** Opening Records for this task block **

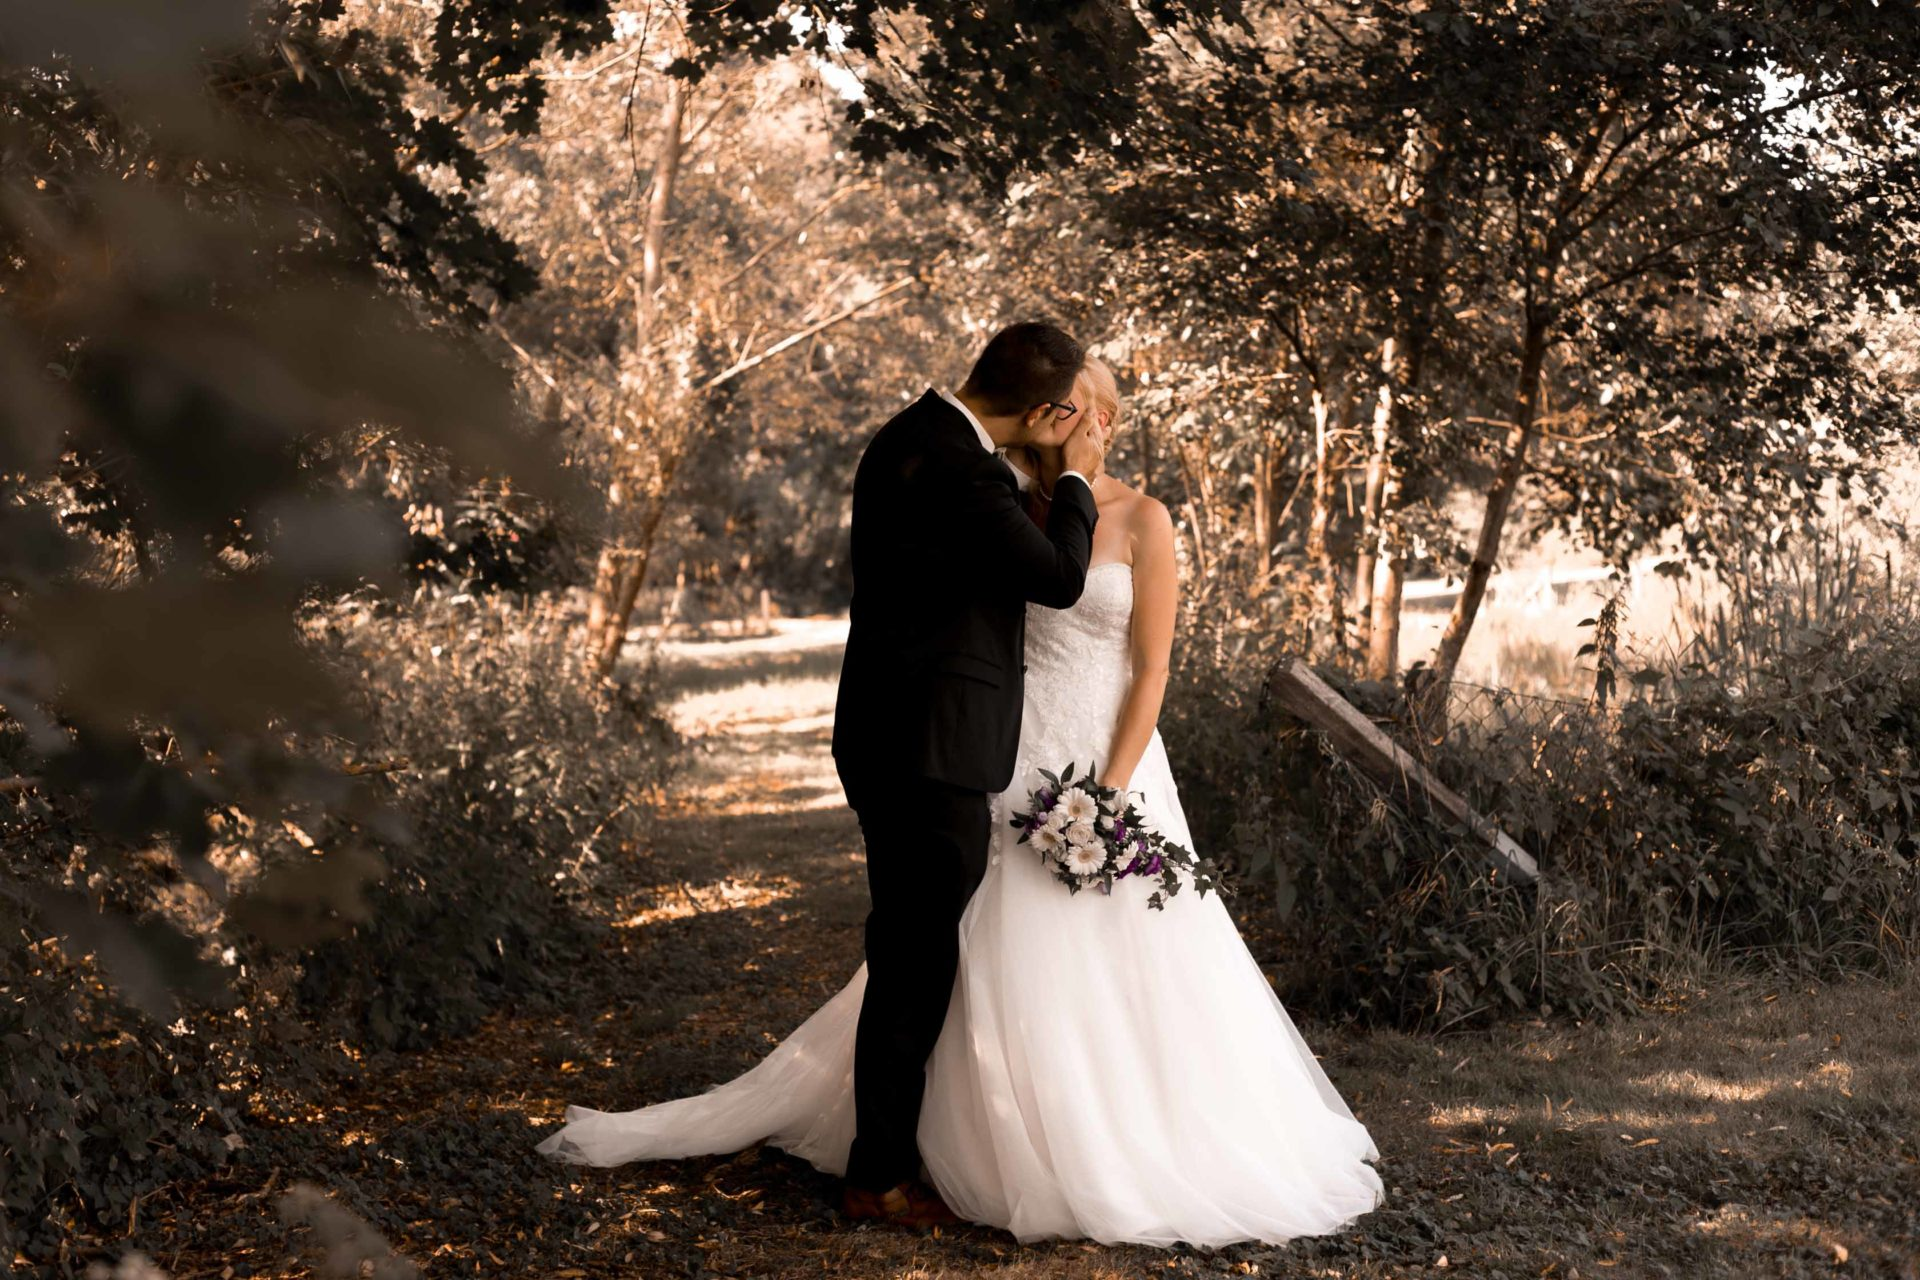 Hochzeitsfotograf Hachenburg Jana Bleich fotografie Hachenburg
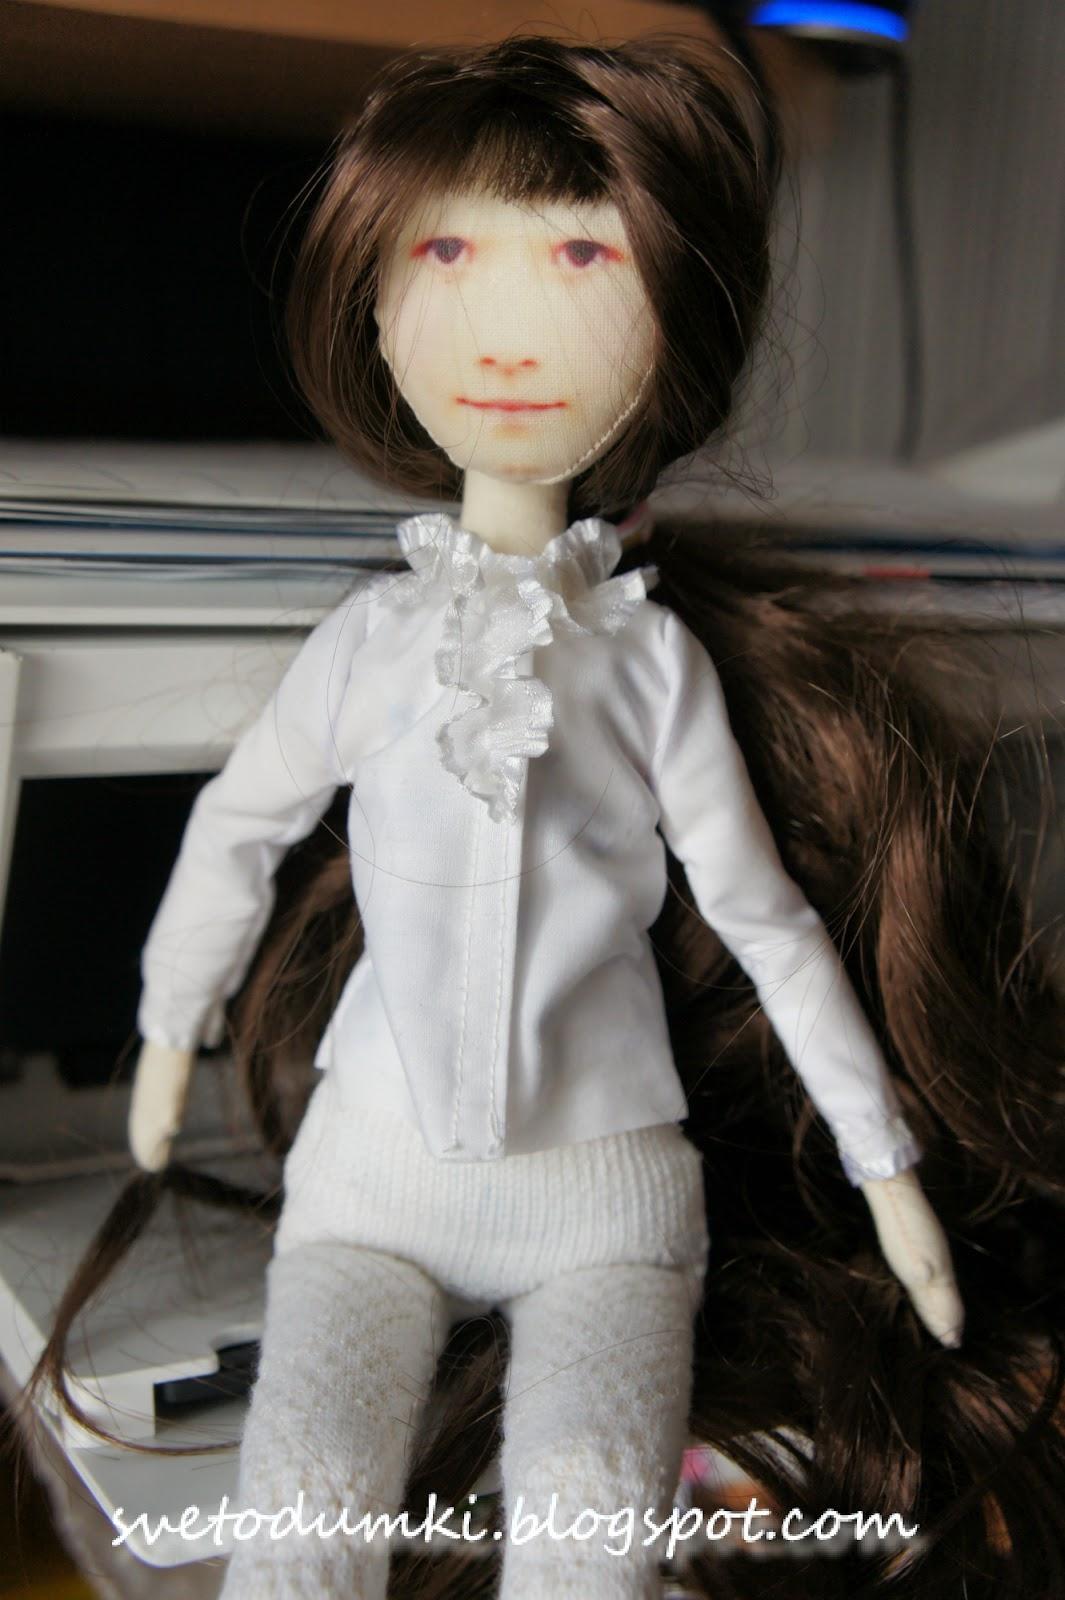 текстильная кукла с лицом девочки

** Closing Records for this task block **
** Opening Records for this task block **

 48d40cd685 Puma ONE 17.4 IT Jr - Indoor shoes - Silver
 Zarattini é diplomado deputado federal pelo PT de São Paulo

** Closing Records for this task block **

_Work instruction:_
Above are the entries. Output exactly the lines beginning with the line that has "48d40cd685 Puma ONE" and ending with the line that has "Zarattini é diplomado".

_Problem solution:_
 48d40cd685 Puma ONE 17.4 IT Jr - Indoor shoes - Silver
 Zarattini é diplomado deputado federal pelo PT de São Paulo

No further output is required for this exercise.